The notion of a data fabric encompasses several fundamental aspects of contemporary data management. It provides a singular means of data modeling, a centralized method of enforcing data governance, and an inimitable propensity for facilitating data discovery.

Its overarching significance to the enterprise, however, supersedes these individual facets of managing data. At its core, the data fabric tenet effectively signifies a transition in the way data is accessed and, to a lesser extent, even deployed.

According to Denodo Chief Marketing Officer Ravi Shankar, in a big data driven world with increasing infrastructure costs and regulatory repercussions, it has become all but necessary: “to be able to connect to the data instead of collect the data.”

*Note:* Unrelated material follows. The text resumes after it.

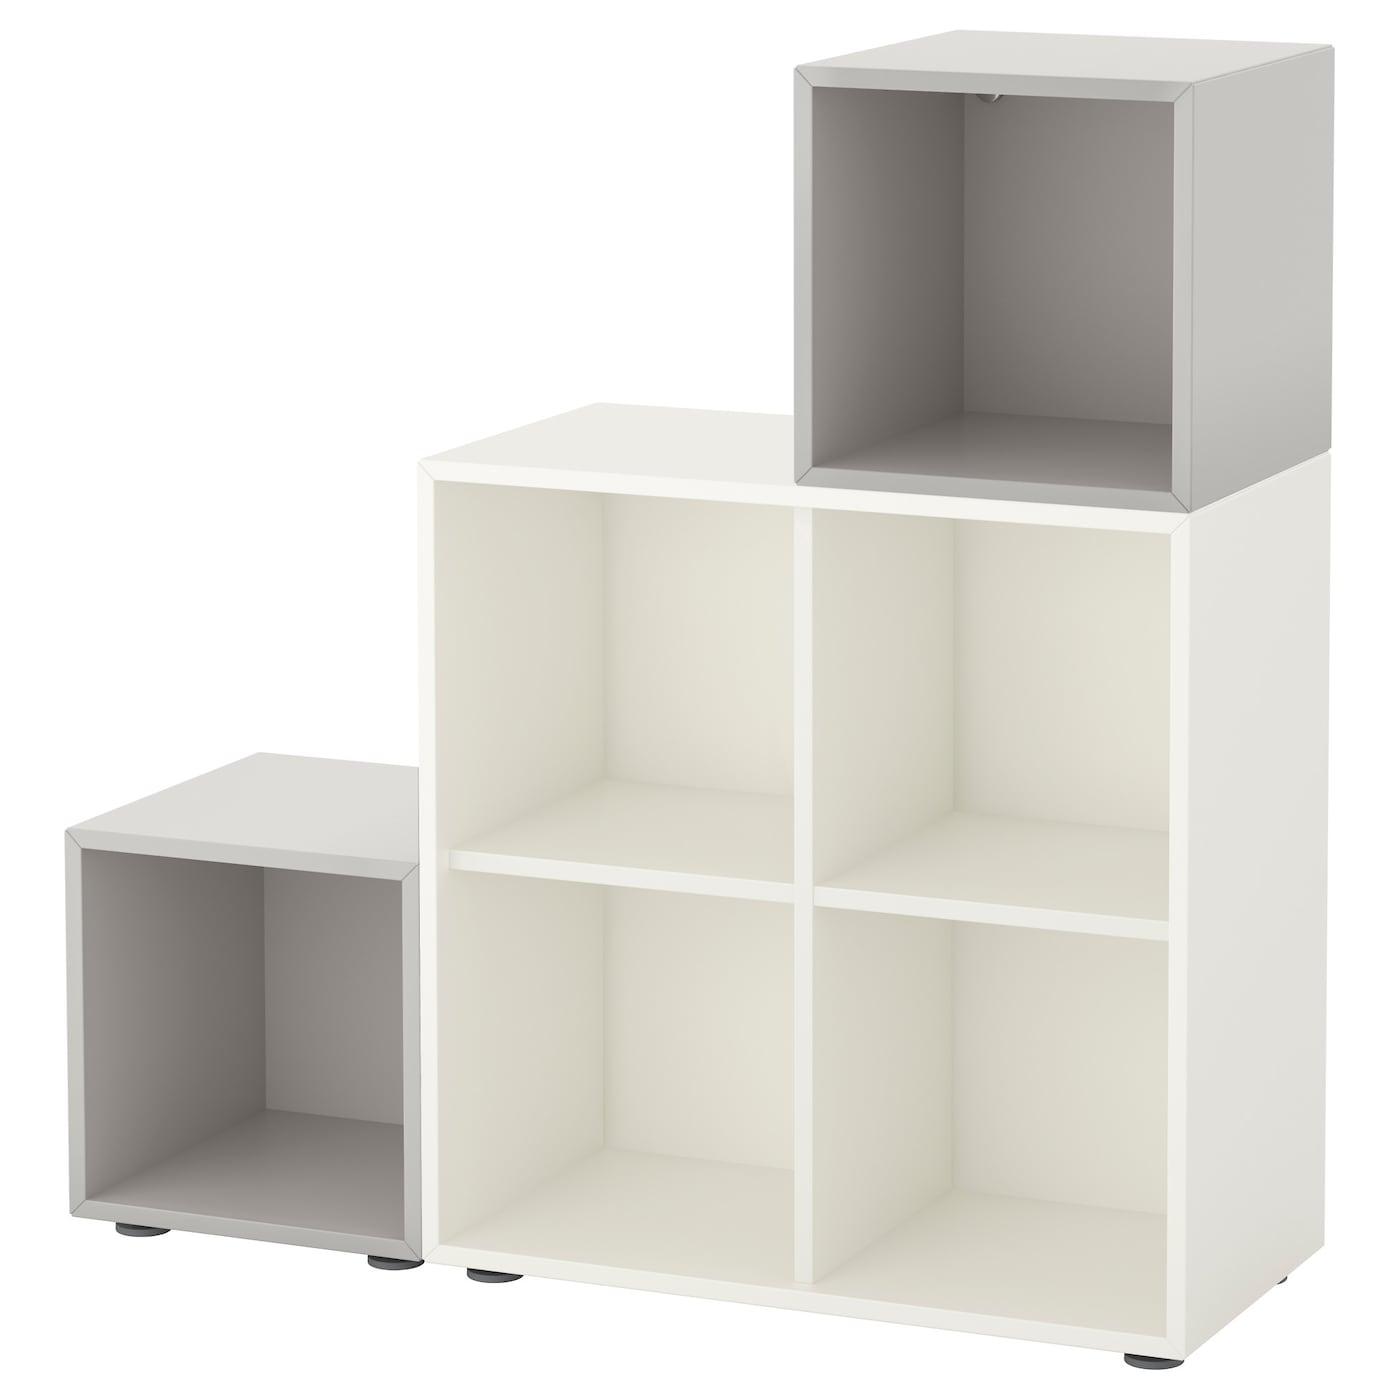 eket cabinet combination with feet white light grey 105 x 35 x 107 cm ikea. Black Bedroom Furniture Sets. Home Design Ideas

Incorporating various facets of data lakes, virtualization technologies, data preparation, and data ingestion tools, a unified data fabric enables organizations to access data from any variety of locations including on-premise, in the cloud, from remote devices, or from traditional ones. Moreover, it does so in a manner which reinforces traditional centralization benefits such as consistency, uniformity, and oversight vital to regulatory compliance and data governance.

“The world is going connected,” Shankar noted. “There’s connected cars, connected devices. All of these are generating a lot of different data that is all being used to analyze information.”

Analyzing that data in times commensurate with consumer expectations—and with the self-service reporting tools that business users have increasingly become accustomed to—is possible today with a data fabric. According to Cambridge Semantics Chief Technology Officer Sean Martin, when properly implemented a data fabric facilitates “exposing all of the processing and information assets of the business to some sort of portal that has a way of exchanging data between the different sources”, which effectively de-silos the enterprise in the process.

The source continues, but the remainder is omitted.